There were no differences in LOS between patients of left vs. right dominant ventricular morphology [10 (IQR 9-12) days vs. 11 (IQR 9-15) days respectively, p = 0.41]. There were no differences in demographic, echocardiographic, catheterization, or peri-operative data in those with left vs. right ventricular dominant morphology (Table 2) with the exception of increased severity of atrioventricular valve regurgitation in those with right ventricular morphology (p < 0.01).
Table 2.
Demographic, echocardiographic, catheterization, and perioperative data in single ventricle patients with left vs. right ventricular dominance
| LV-dominant (n = 52) | RV-dominant (n = 83) | p-value | |
|---|---|---|---|
| Age (years) | 4.0 (3.3, 4.7) | 4.0 (3.3, 4.6) | 0.69 |
| Male, n (%) | 27 (52%) | 51 (61%) | 0.28 |
| Length of stay (days) | 10 (9, 12) | 11 (9, 15) | 0.41 |
| End diastolic pressure (mm Hg) | 8 (6, 10) | 7 (6, 9) | 0.50 |
| Rp (Wood units) | 1.6 (1.3, 2.1) | 1.8 (1.4, 2.1) | 0.48 |
| Atrioventricular valve regurgitation grade, n (%) | < 0.01 | ||
| None - Trivial | 38 (73%) | 40 (48%) | |
| Mild | 13 (25%) | 28 (34%) | |
| Moderate | 1 (2%) | 13 (15%) | |
| Severe | 0 (0%) | 2 (3%) | |
| Fractional area change (%) | 22.9 (18.3, 29.8) | 25.9 (19.6, 30.6) | 0.57 |
| SAPSE (cm) | 0.60 (0.40, 0.80) | 0.60 (0.40, 0.80) | 0.70 |
| Ejection Fraction (%) | 42.1 ± 6.9 | 42.5 ± 9.1 | 0.86 |
| Longitudinal strain (%) | −15.2 ± 3.4 | −15.4 ± 3.6 | 0.67 |
| Longitudinal strain rate (s−1) | −1.04 (−1.17, −0.83) | −1.04 (−1.25, −0.86) | 0.85 |
| Longitudinal EDSR (s−1) | 1.11 (0.96, 1.32) | 1.22 (0.93, 1.44) | 0.34 |
| Circumferential strain (%) | −14.7 (−17.1, −11.3) | −13.6 (−16.0, −11.1) | 0.39 |
| Circumferential strain rate (s−1) | −1.02 (−1.25, −0.86) | −0.97 (−1.23, −0.81) | 0.60 |
| Circumferential EDSR (s−1) | 1.13 (0.90, 1.30) | 1.05 (0.82, 1.32) | 0.44 |
Results reported as mean ± standard deviation or median (interquartile range). EDSR = early diastolic strain rate, Rp = pulmonary vascular resistance, SAPSE = single ventricle atrioventricular valve systolic plane excursion.
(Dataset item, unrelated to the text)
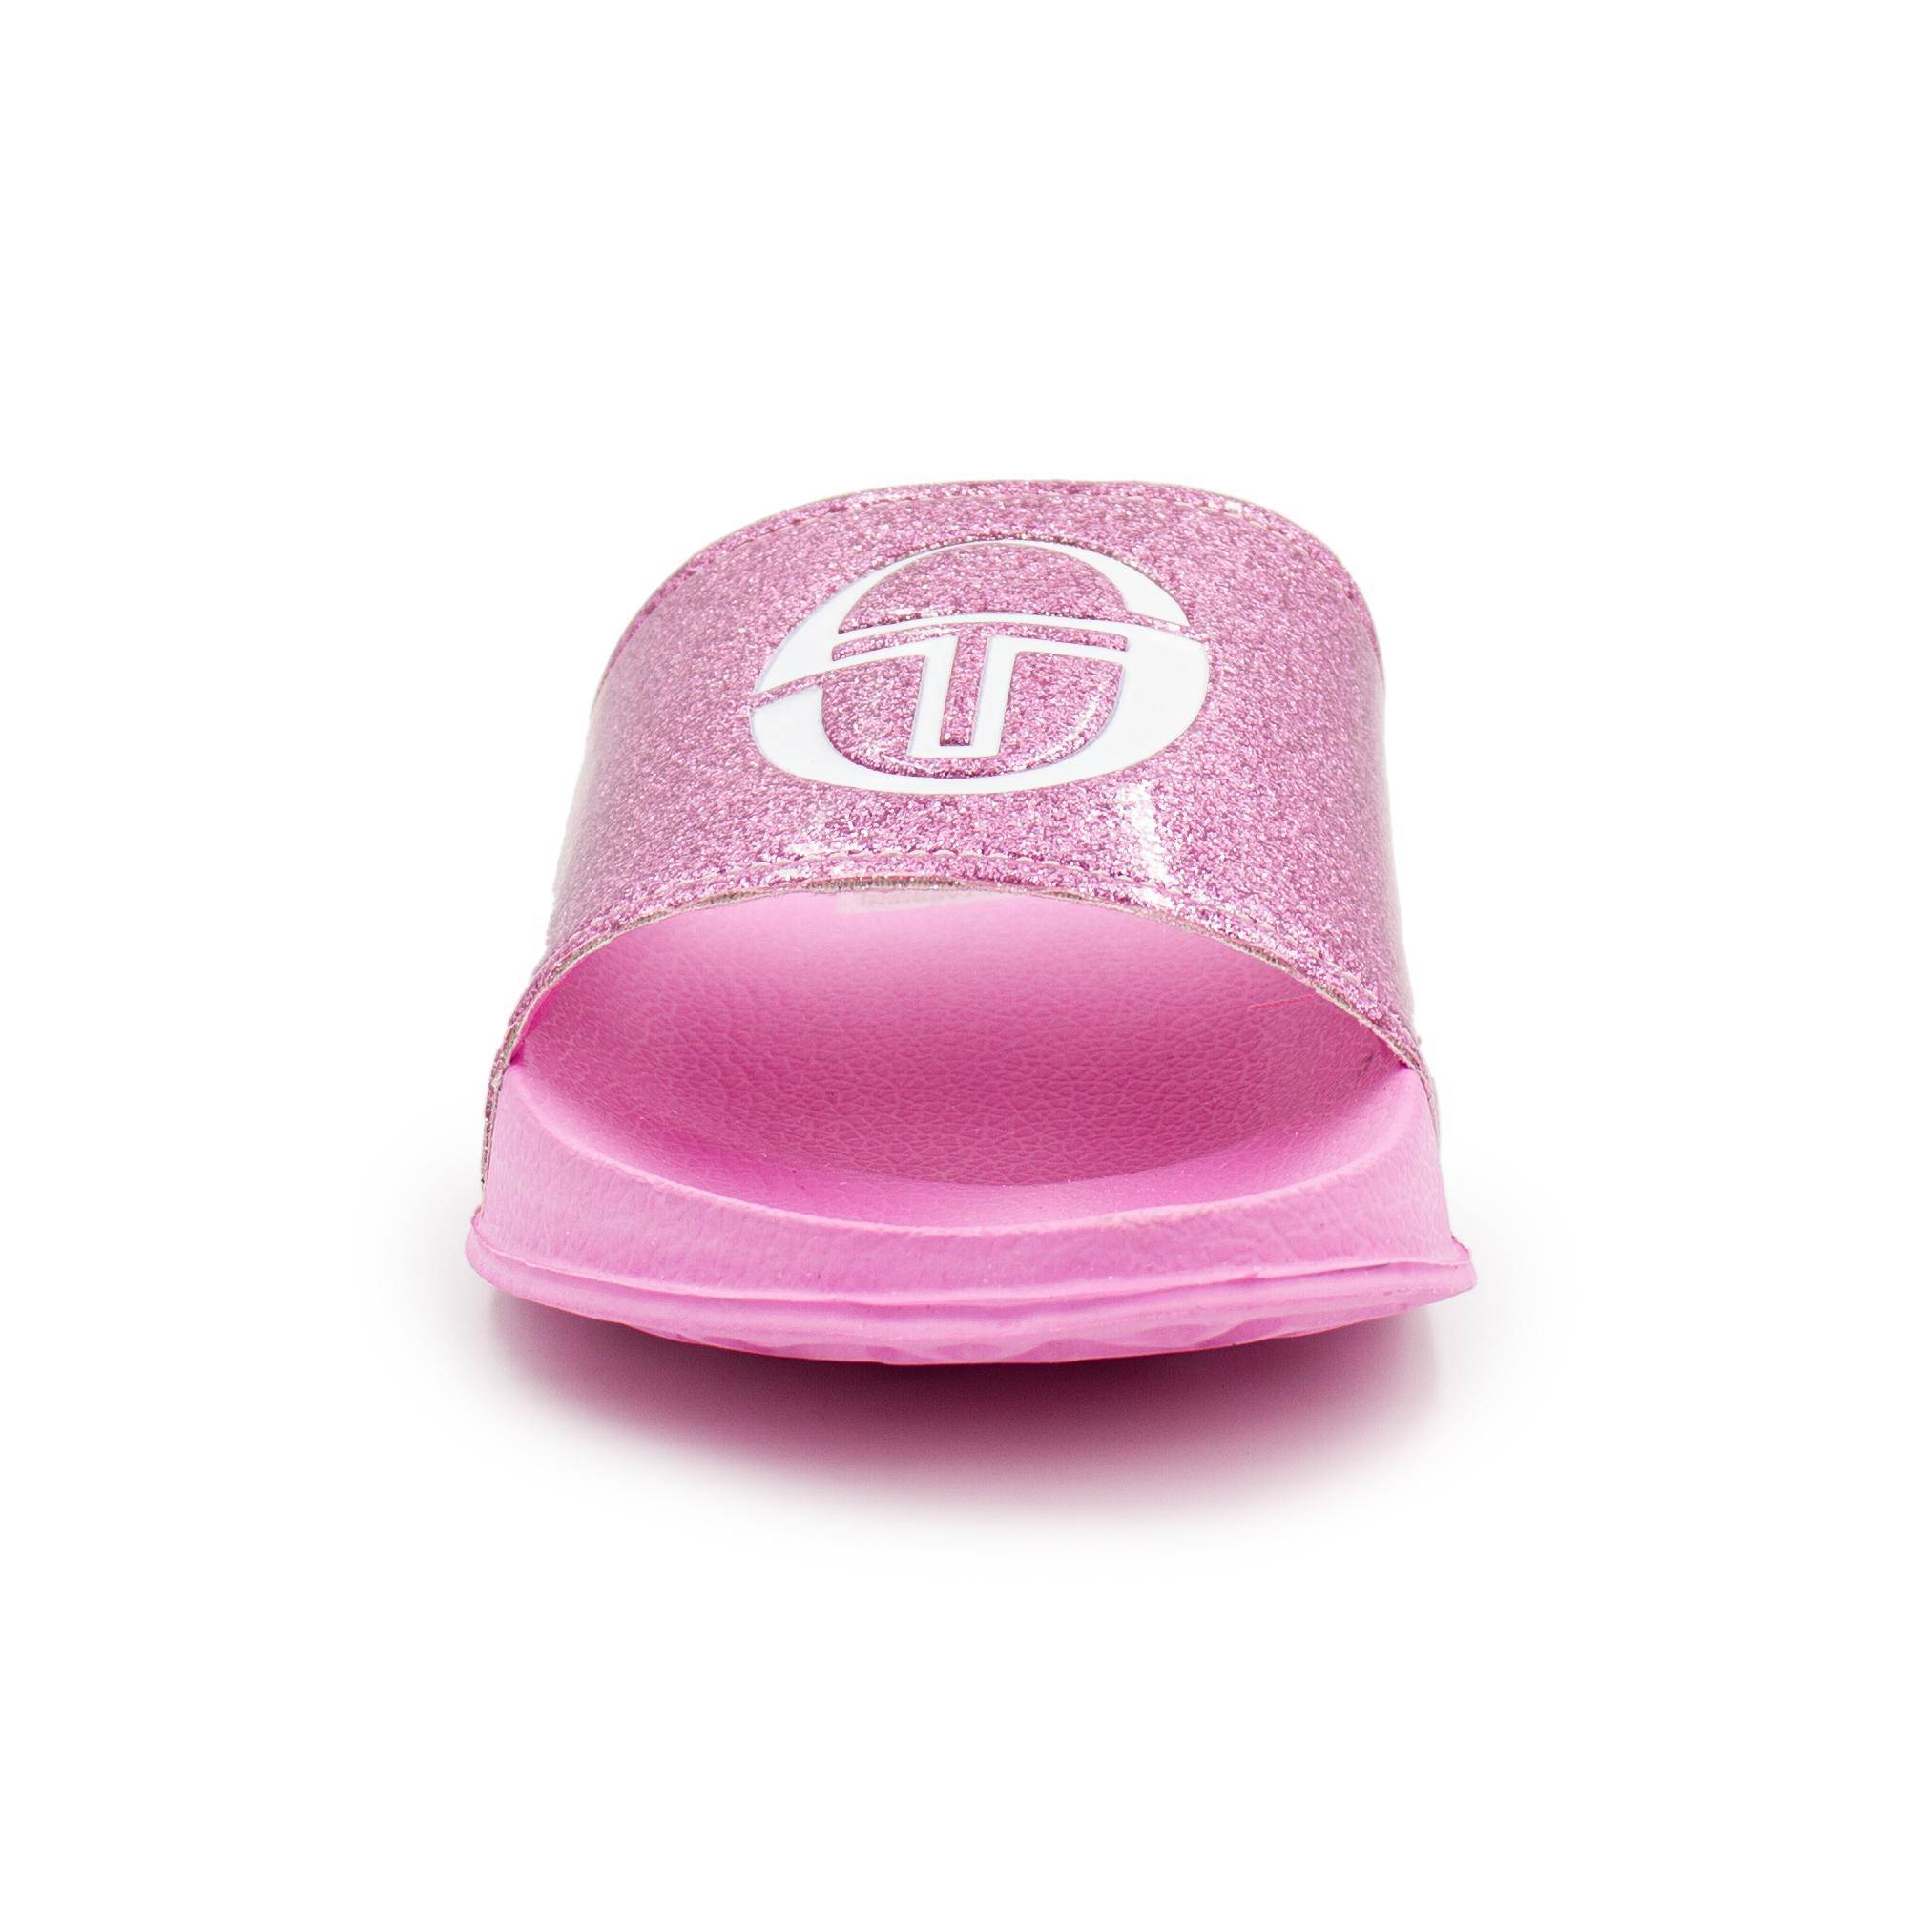 Женские сланцы Sergio Tacchini (REMIX GLITTER STW219006), розовые, цвет розовый, размер 39 - фото 3

Longitudinal deformation parameters could be measured in 130 patients (96%) of patients. The four patients without longitudinal parameters performed had an incomplete view of the ventricular apex, and were all systemic right ventricles. Circumferential deformation parameters could be measured in 113 (84%) of patients. The majority that did not have circumferential deformation parameters (n = 20) performed were secondary to an absence of the parasternal short axis view through the mid ventricle. The other two who did not have circumferential deformation parameters measured were secondary to poor echocardiographic windows precluding analysis. The interobserver ICC for longitudinal strain, strain rate, and early diastolic strain rate were r = 0.91, r = 0.84, and r = 0.79, respectively. The interobserver ICC for circumferential strain, strain rate, and early diastolic strain rate were r = 0.86, r = 0.76, and r = 0.79, respectively. All p-values were < 0.01 for above ICCs.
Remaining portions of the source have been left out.